The day Tolani and the other four girls resumed at the academy, they were shown around and introduced to their job by one of the women working with Ebun named Miss Bimbola Tyler. She and another woman named Ms. Toyin Akanbi (a divorcee from the next town) were on a paid nine-to five job with Liberating Women Academy. Tolani and the other volunteer girls had the duties to write letters to the homes of girls and to schools inviting them to Liberating Women Academy. Each girl had a desk and computer and Miss Bimbola put them through what their daily job requirement was.

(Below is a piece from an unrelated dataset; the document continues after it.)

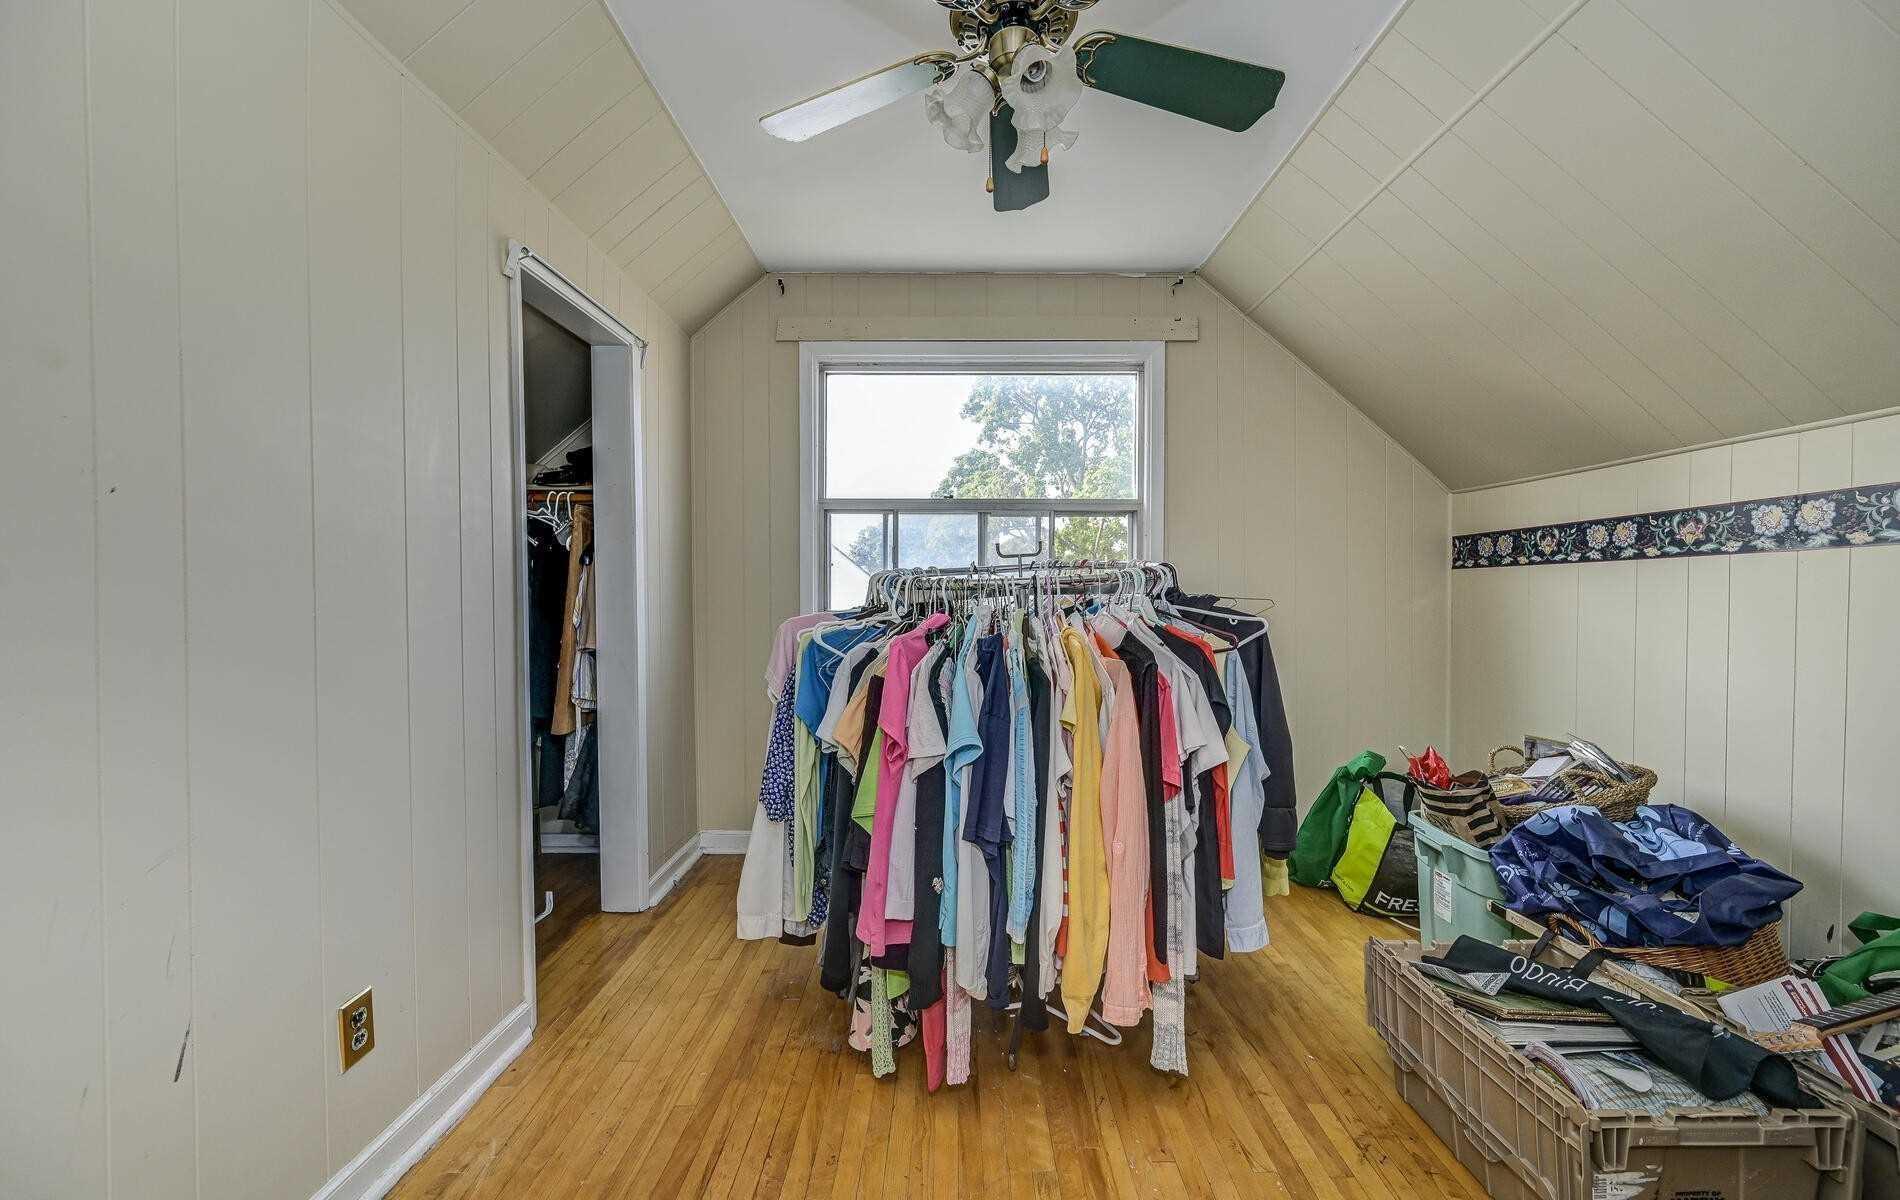 Detached house For Sale In AJAX - 76 Kings Cres, AJAX, Ontario, Canada L1S1R2 , 2 Bedrooms Bedrooms, ,1 BathroomBathrooms,Detached,For Sale,Kings

Ebun met them later that evening as she had gone to meet a lawyer on a case for one of the women earlier. Tolani would never forget her surprise the first time she saw Ebun Cark. She had heard so much about this woman that she expected to meet a very tall person with a loud voice and a very powerful aura. She was the exact opposite. Ebun Clark was a slim woman of average height (about 5foot 4inches), she was very dark in complexion while the left side of her face still had the mark from the wound her husband gave her. The weirdest part was that she was soft spoken………until provoked. She usually wore her head in braids and she often dressed in black pants suits. Ebun was one of the most interesting characters Tolani had ever met because she could go from a soft, gentle woman to a determined woman who

doesn’t take ‘No’ for an answer in a space of seconds. The day Tolani and the other volunteers met Ebun, she asked about their families and showed genuine interest in their welfare and personal lives. They were so impressed by her they just couldn’t get over how nice she was. Later that day the eight women (five volunteer, two full time workers and Ebun) had lunch together in one of the rooms in the academy which was used as a dining room and they discovered she was also a very easy person to talk to.